Reflections on a Father's Passing---Eleven Years Later



My father died eleven years ago, on April 5, 2002.

It was a staggering loss for me, because although I grew up with both of my parents in our home, my mother had been ill with multiple sclerosis for many years of that period. (She died the following year, in 2003). As a result of my mother’s illness, my father often played the double, “two parents in one body” role.


To help me process his passing, I started what I called a “grief workbook”, a small blank book in which I wrote memories, feelings about his death, poetry, and into which I also pasted published proverbs, poems, etc. related to grief and parental death. Having that little book helped me immensely, and I often referred back to it to measure my progress in adapting to the loss of my father.

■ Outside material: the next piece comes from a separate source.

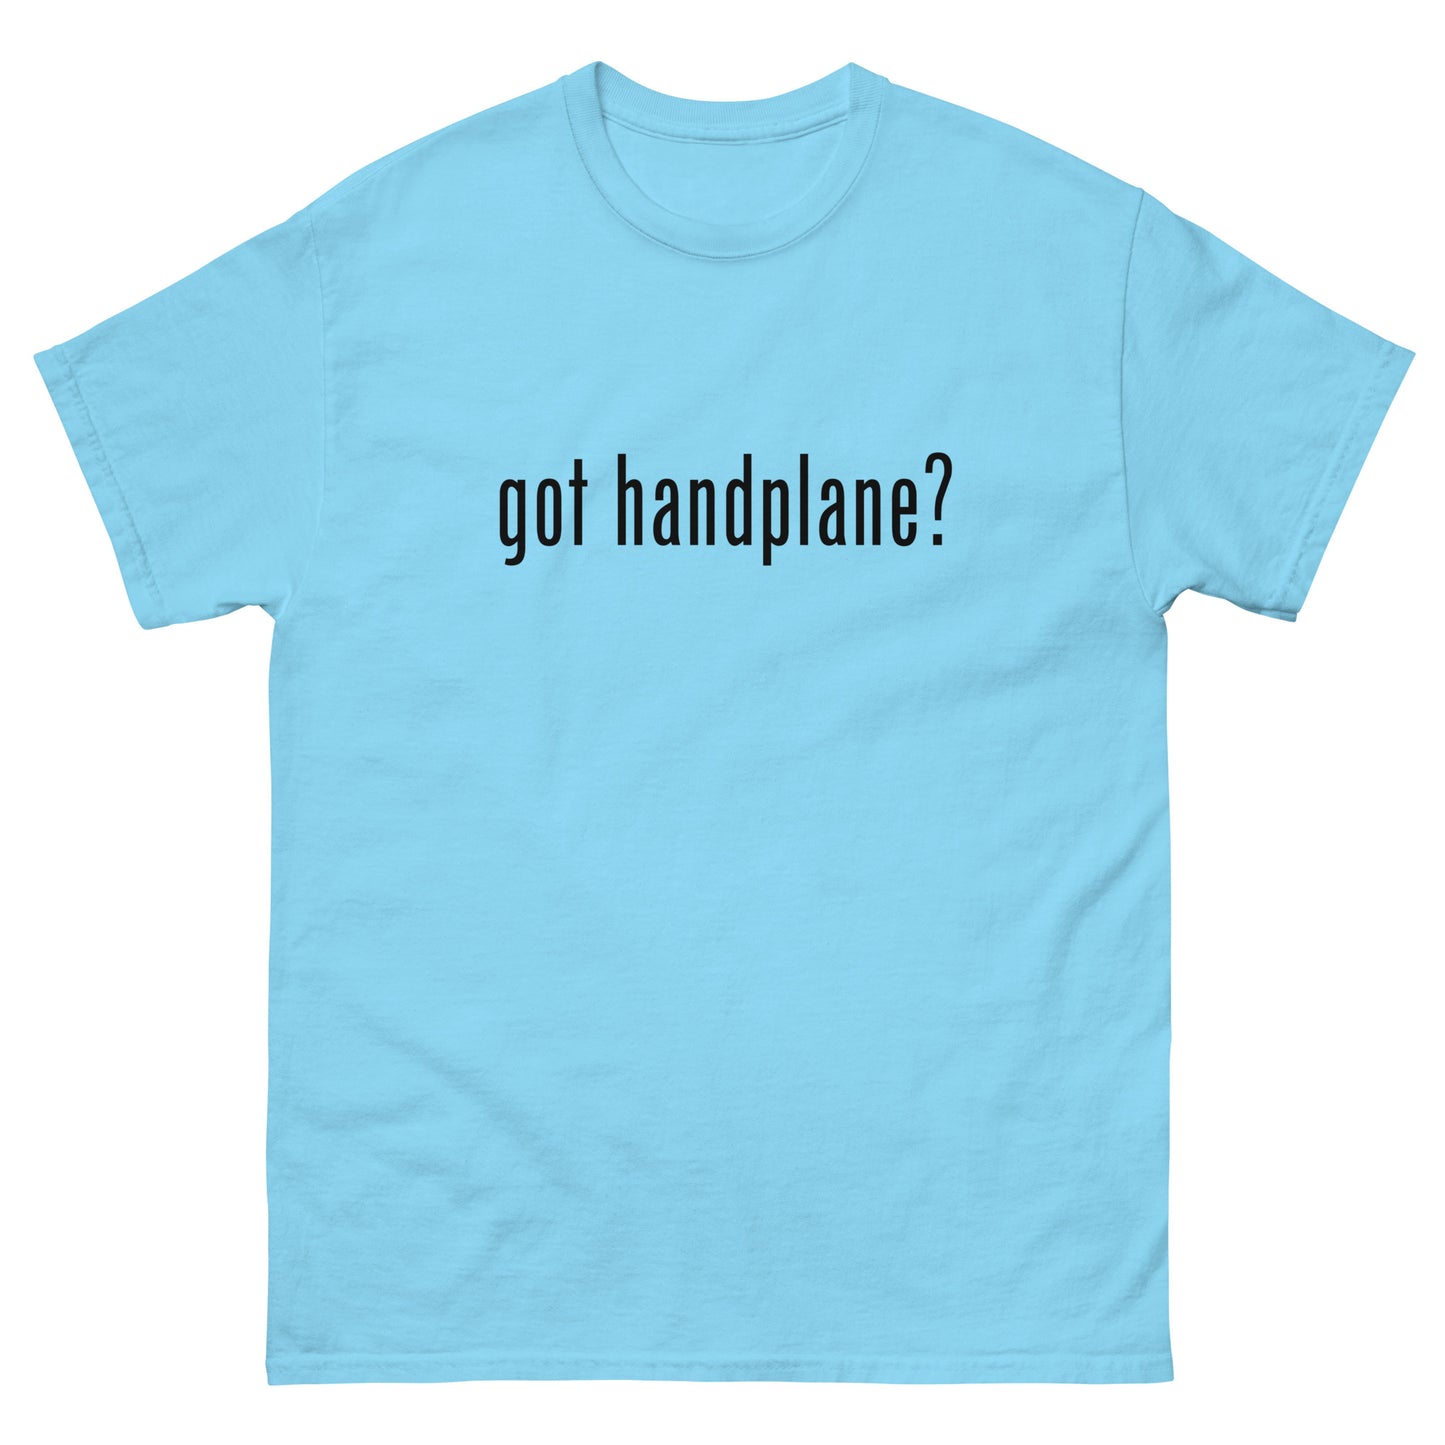 “got handplane?” Woodworking T Shirt – Black Ink (Multiple Colors)
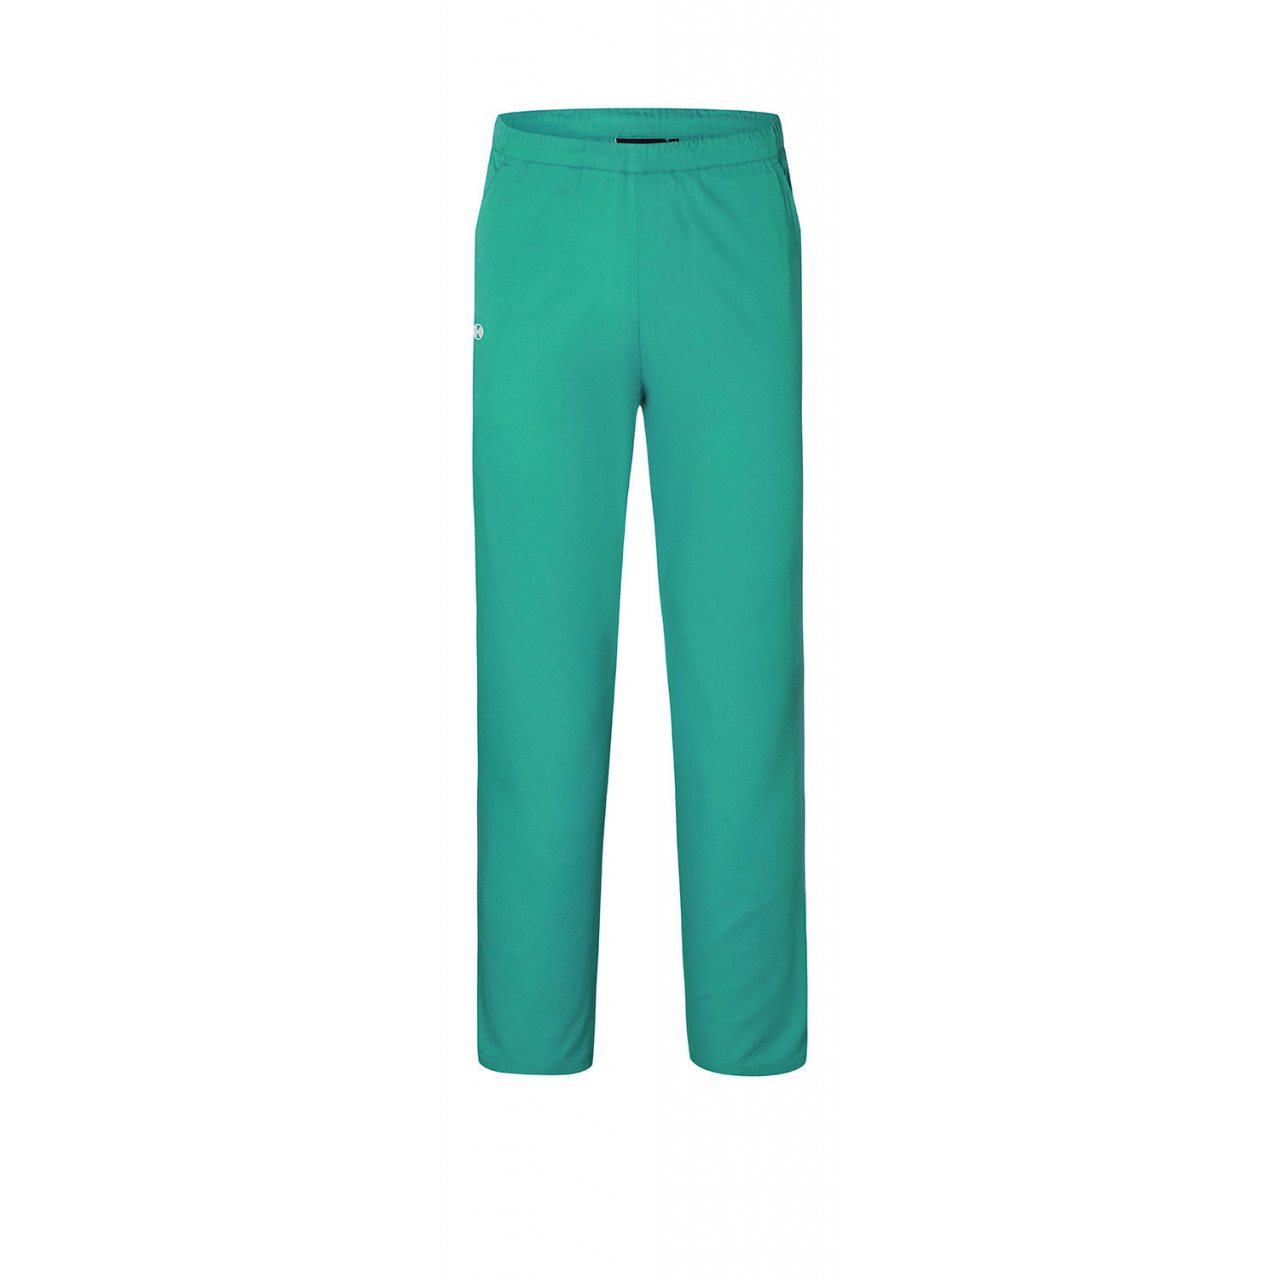 Kalhoty Karlowsky Essential - zelené, L

Last Friday, April 5th, I went back to my little book and was amazed at how deep the grief was, how hard it was for me to envision a world without my father, and how much I struggled to get through the basic routines of daily life.


Coming through to the other side of pain and grief taught me many lessons. I offer you a few of them…

From my grief workbook, entry dated April 5, 2013:

“As I have spent time this evening reading through this little volume, I am feeling gratitude and gratefulness and grace.


Life has changed so much since the years when Pop--my father’s nickname in our family-- was here. Some of those changes have been experienced as loss and pain. Others have been experienced as incredible spiritual heights and the widening and deepening of my entire life experience.


The pain and losses refined me. They strengthened me for the new challenges and opportunities that awaited me. Without the growth that arose from absorbing and managing the pain and losses, I would not have been prepared to move forward, nor would I have been able to sustain my forward movement on new horizons.


The pain gave me an emotional freedom, an independence that helped me rely more fully on God and on my own character and my own life’s purpose. I became less dependent on  ”good” circumstances and the approval of others to make me happy. I learned through experience how to live without those things. I realized God could show me joy in any situation.


I also realize how living and moving forward through and beyond the pain gives me credibility and authority when I speak with others about God and God’s goodness. I can give specific, real, and compelling testimony of God’s love and power in every situation. When I speak of these things, I am not repeating someone else’s story. I am telling my own story. Nothing is more powerful and nothing is more honest.


Pop was a good example for me in so many ways. I am sure his life did not end in the time, place, or way he’d anticipated as a younger man. Still, he went through it all with grace, and that expression of God’s grace in my father has remained the most inspirational showing of God’s power I have ever witnessed.


For me, his legacy points to a life well lived and a finish worthy of emulation.”